Corydon's hands shook with something beyond fury. Beyond madness. He beheld the crystal with the malice of a demon god, his fingers digging into its surface as if he could crush the small marble.

"The ~`BETRAYER'~ was mine to kill!"

His voice was venom, dripping with ancient wrath.

"I promised him suffering beyond death—I promised him the abyss itself. I swore to strip him of everything, to burn his soul until not even oblivion would take him!"

The palace screamed.

With a forceful swing of his arm, the masquerade was ended.

Dancers were ripped limb from limb, their bodies shredded into crimson ribbons. Their masks fell into the pools of blood, splattered with the remains of the revelry. The golden walls warped and twisted, shrieking with the agony of something that should not bleed, and yet bled anyway.

Corydon vanished.

Then—

A foot came crashing down.

Hot pain shot through Cypher's skull as he was pinned to the floor, the force carving cracks into the very foundation of the palace.

"AND YET HERE YOU ARE!" Corydon's voice was a razor against the mind. "BRINGING WITH YOU A FRAGMENT OF HIS SOUL!"

The crystal pulsed as strings lashed out.

A hundred thousand threads of invisible threads tore into Cypher's skin, their razor edges slicing through flesh, through nerves, through bone. His limbs snapped, yanked in opposite directions. He was lifted, his body twisted into unnatural contortions, pulled upright like a grotesque marionette.

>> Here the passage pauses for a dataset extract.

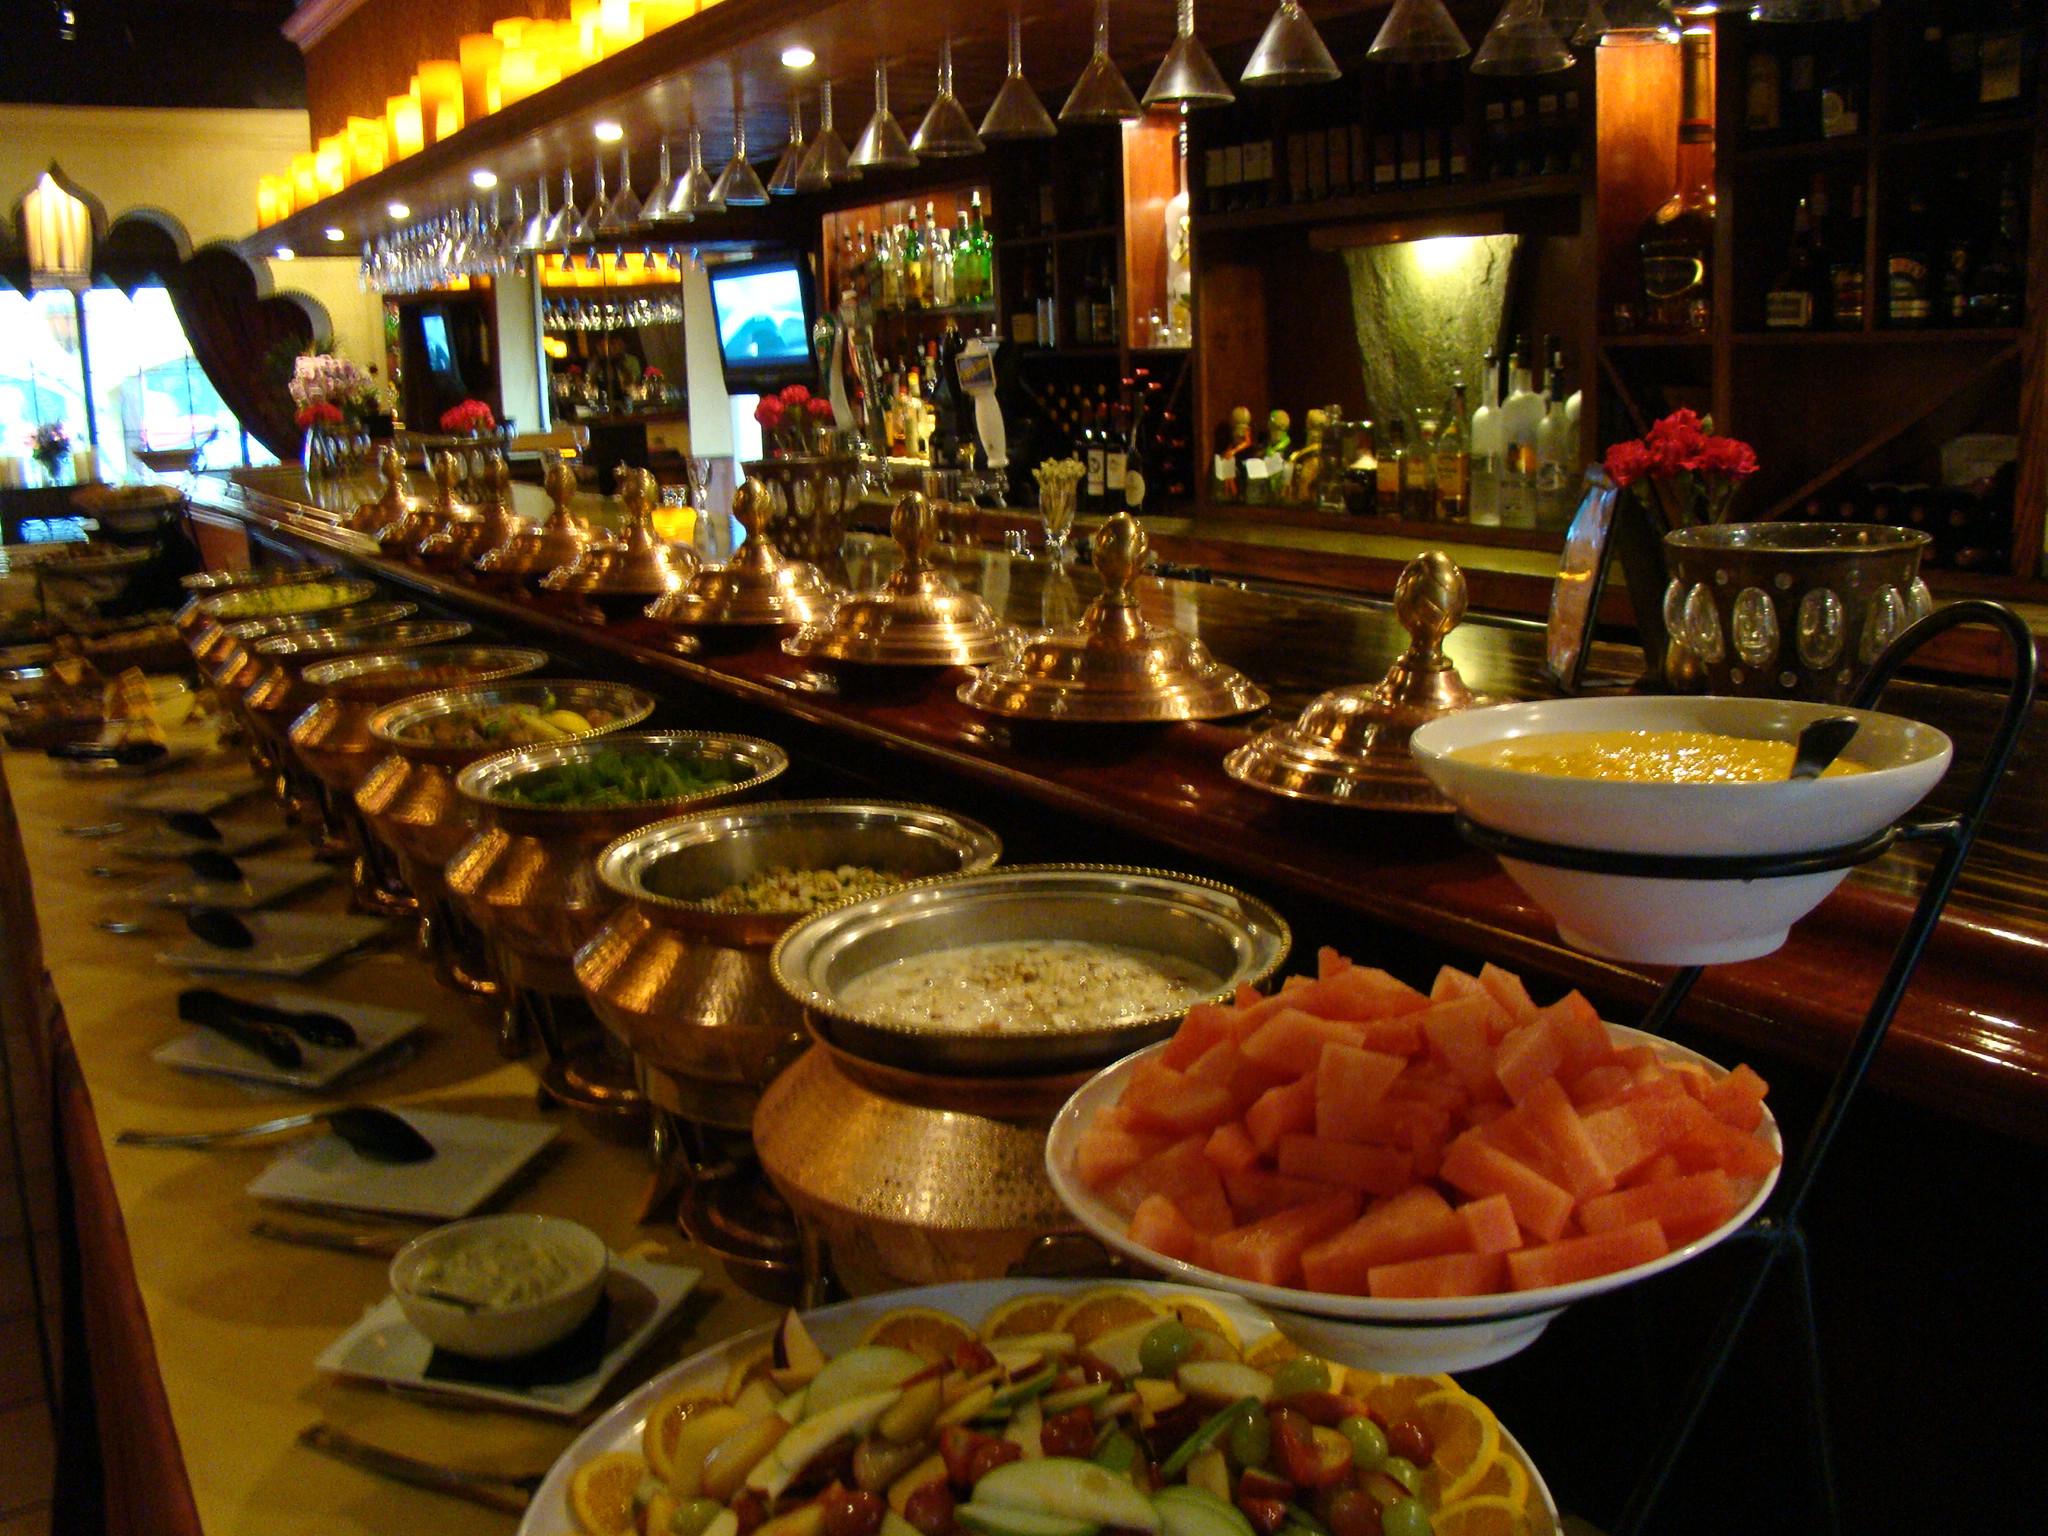 Easter Dinner Restaurants  GoingOut India Restaurant Event Easter Buffet Brunch

White bone jutted from his arm, glistening beneath the golden candlelight.

The pain was immeasurable.

Blood poured down his face, slipping into his mouth, drowning his breath in the taste of iron.

Corydon loomed over him. The crystal pulsed wildly in his grip, betraying the unstable wrath seething beneath his plastic frown.

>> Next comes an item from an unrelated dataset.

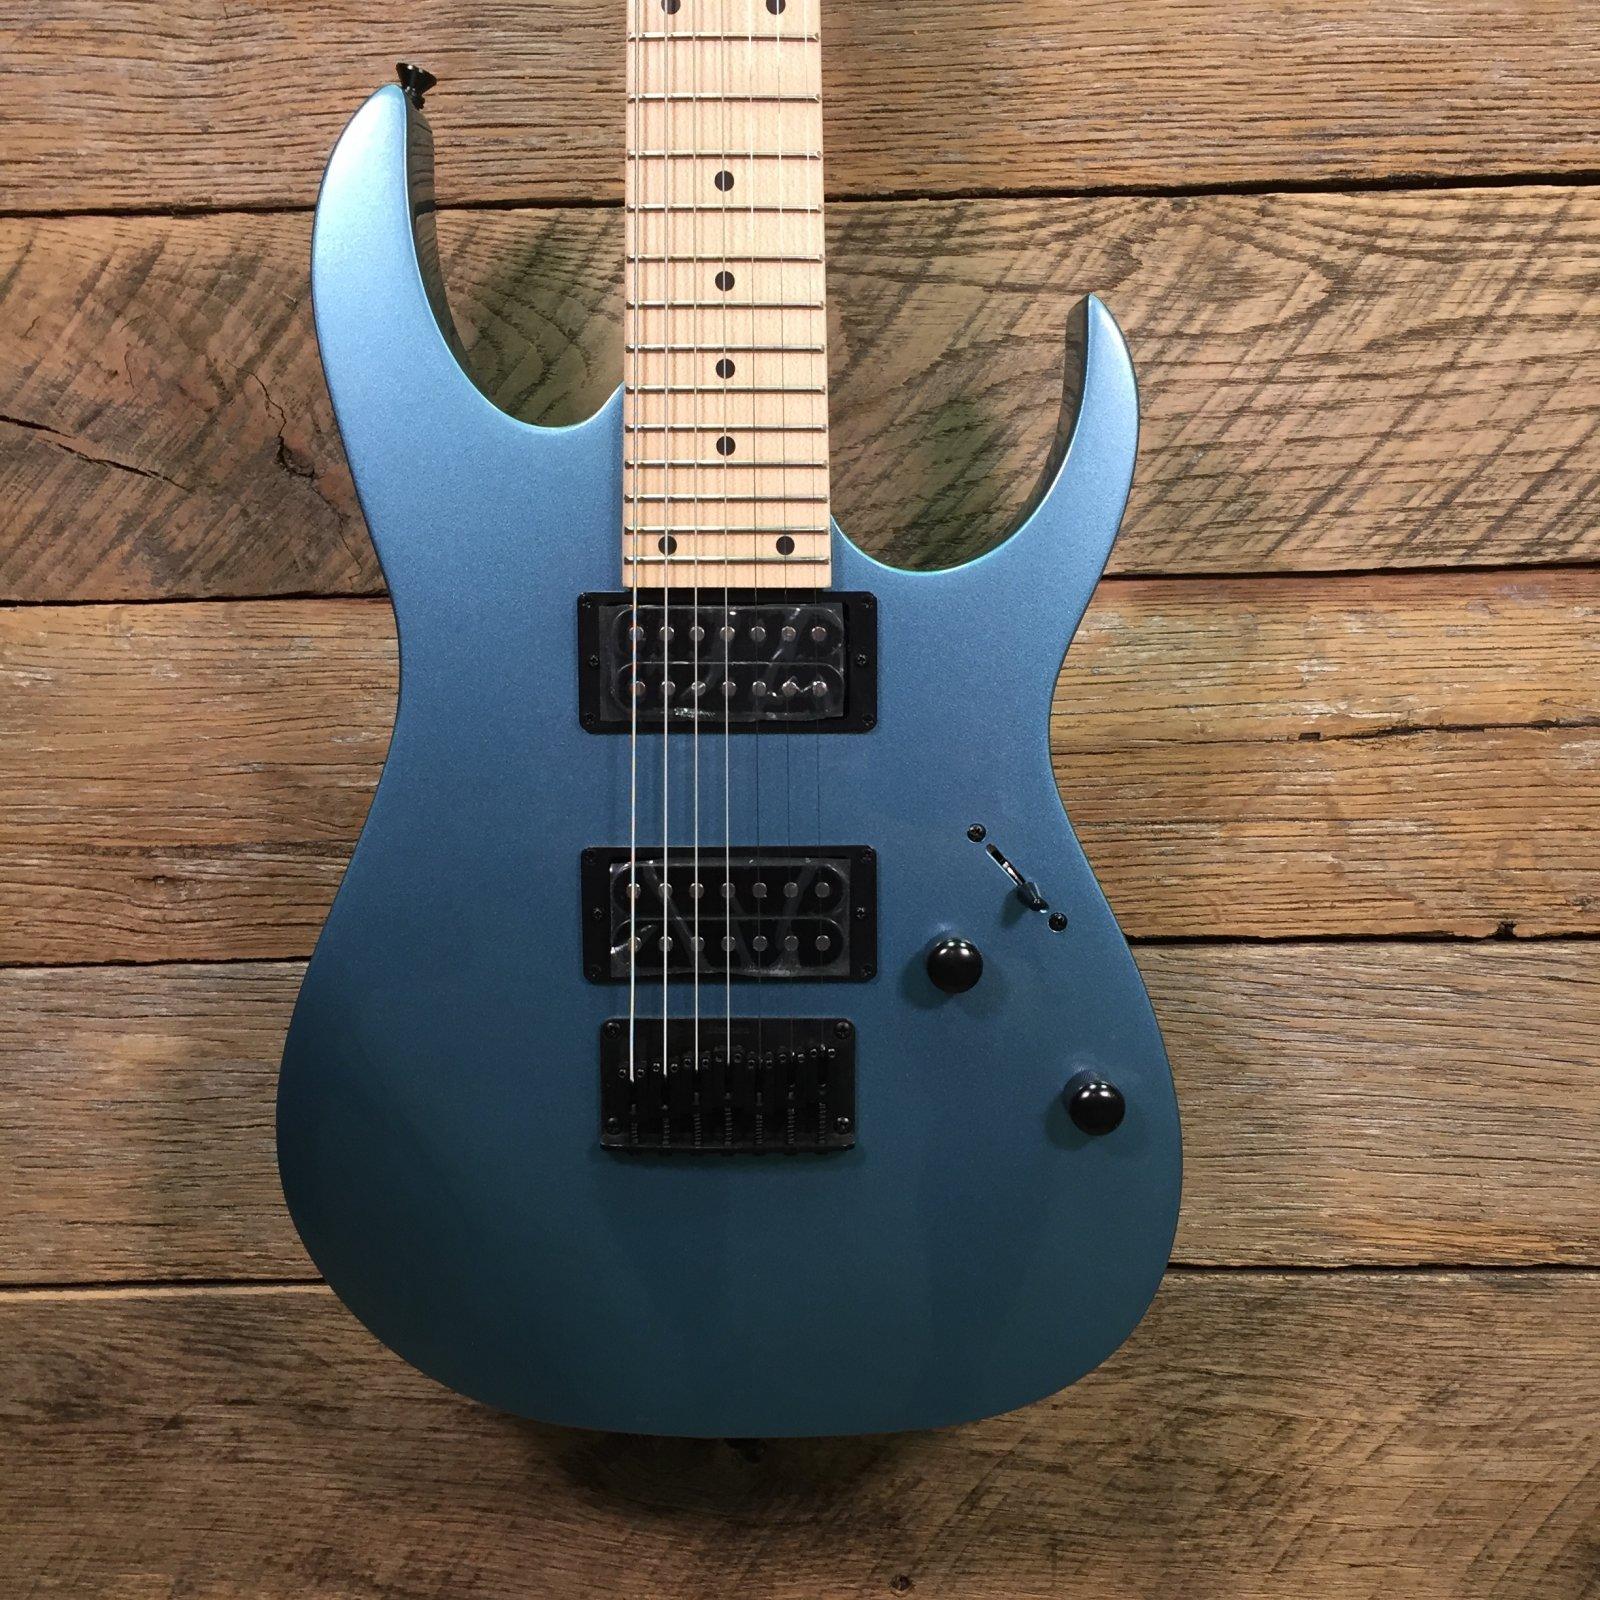 Ibanez GRG7221MMLB 7 String Guitar

His voice was cold, final.

"Tell me." His fingers twitched. The strings pulled tighter. "Or I'll deliver you a fate worse than your friend."

Cypher's body screamed.

But his lips curved into a thin line.

Even as his vision blurred, even as his bones shattered like brittle glass, his sickly yellow irises remained fixed on Corydon. A stare without fear. Without reverence. It was a look of rebellion.

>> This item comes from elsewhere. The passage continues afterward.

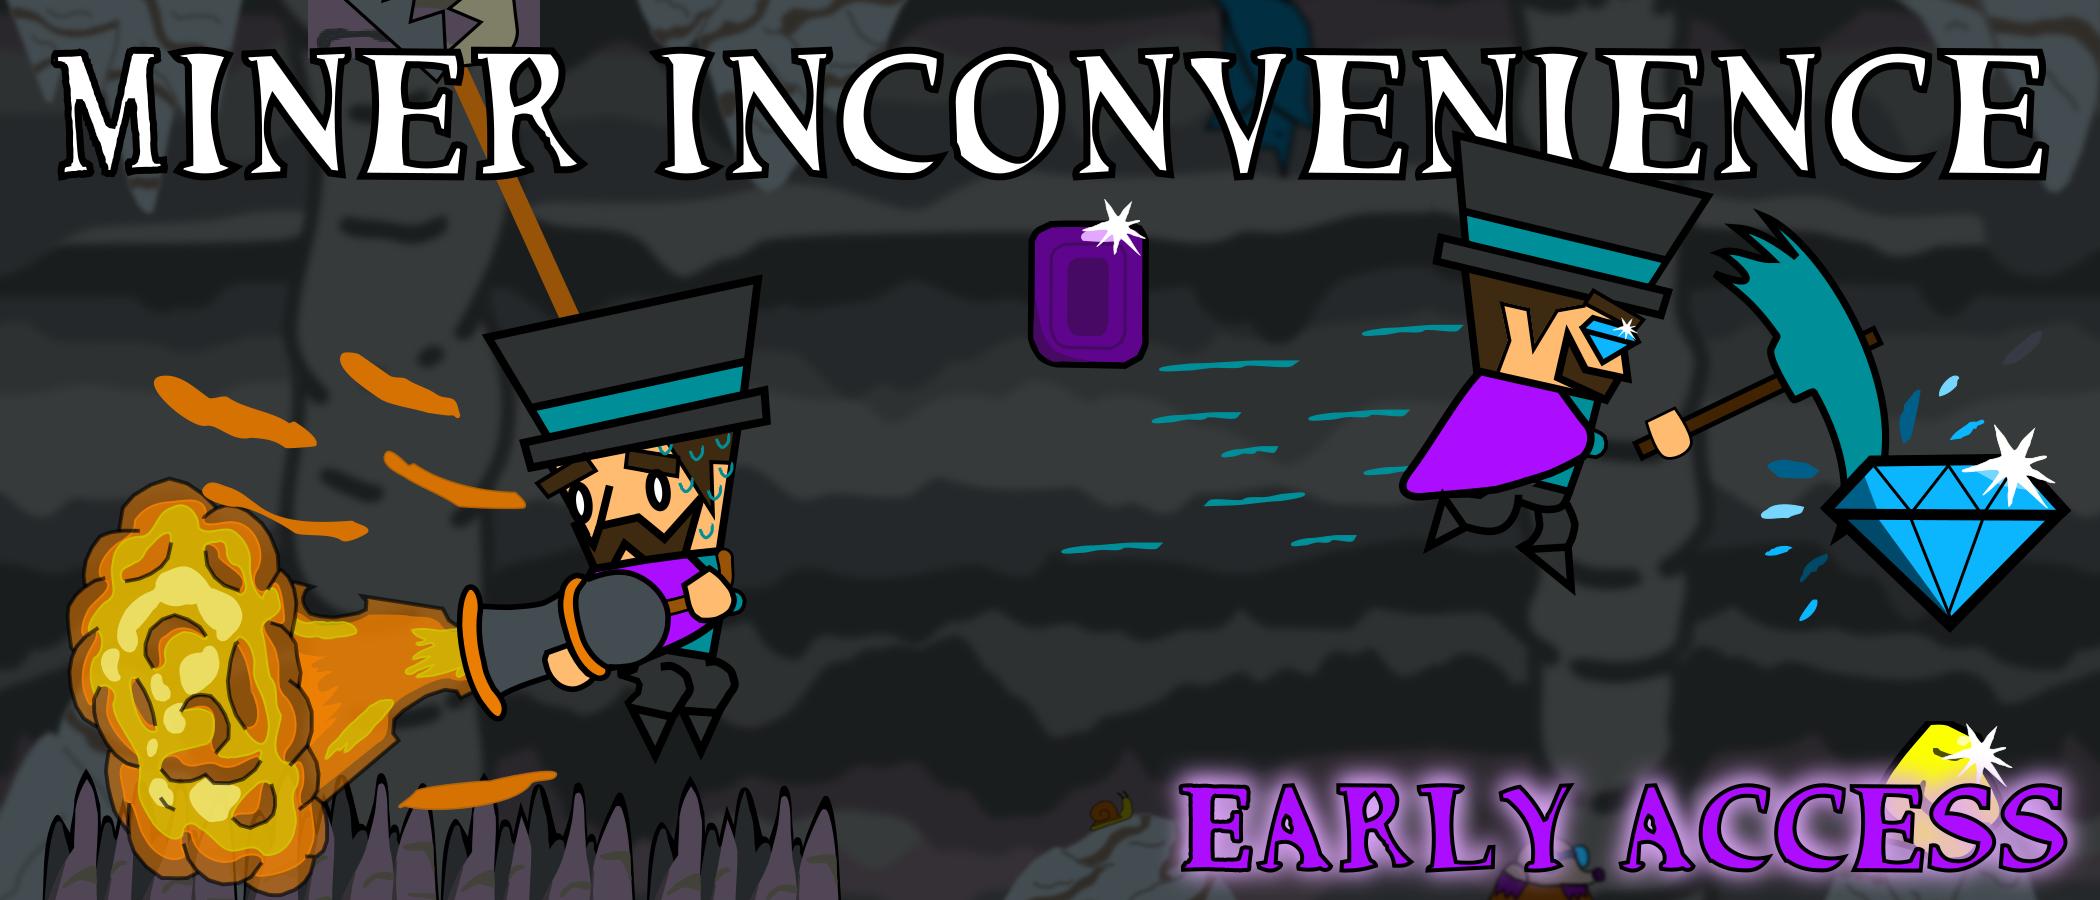 Miner Inconvenience

His voice was hoarse. Nearly gone.

And yet, still—

"I… I have… nothing to tell."

A mistake.

Corydon didn't like that answer.

"Then you will suffer."

A pale hand reached forward.

A white mask slammed onto Cypher's face.

A sharp snap.

A sudden cold.

The world seemed so far away.

Darkness.

In a quiet space, the sound of rough breathing could be heard.

Cypher blinked. His body lay collapsed on a cold white floor, smooth as ice, without imperfection.

Pain still burned in his nerves and bones—yet his skin bore no wounds.

With aching muscles, he lifted himself, his gaze sweeping across the endless expanse before him.

"Is this what Elie was shown?"

The white stretched forever, no horizon, no walls. Only a black void above that watched in silent indifference.

Something squirmed into his mind. A presence. An infection that spread into every corner of his brain.

His thoughts unraveled slowly. Memories loosened as concepts of self began to slip.

He resisted with all his might.

Though he stood silent, the reality was that he was fighting a war that raged ceaselessly in his mind. A war for control and reason.

Despite the eidetic memory that had aided him all his life, he knew it would eventually fail if he did not escape.

Escape? Why would I leave?

Slap!

A red handprint bloomed on his cheek.

His own hand trembled in the air. He had struck himself.

Why did I do that?

His breath was ragged.

"I've got to get out. I must."

The void whispered to him in a deceptively captivating tune.

Without a sound, a white spotlight shone down on a space ahead of Cypher. It's ethereal glow illuminating a man dancing on the edge of a cliff.

Cypher remembered this man from the painting, though now he was twisted in a way that seemed wrong.

His white hair was ragged, his lips curled into a smile so wide it caused small cuts to open on his lips. In his eyes there was nothing - a dark void. Black and red viscose fluid trailed front the empty sockets all the way down to the floor, pooling onto his uncovered feet and the white floor like rivers.

In Cypher's vision this man was ethereal, a demon dancing in the dark.

He knew who this was. It was the real Corydon, only without the mask.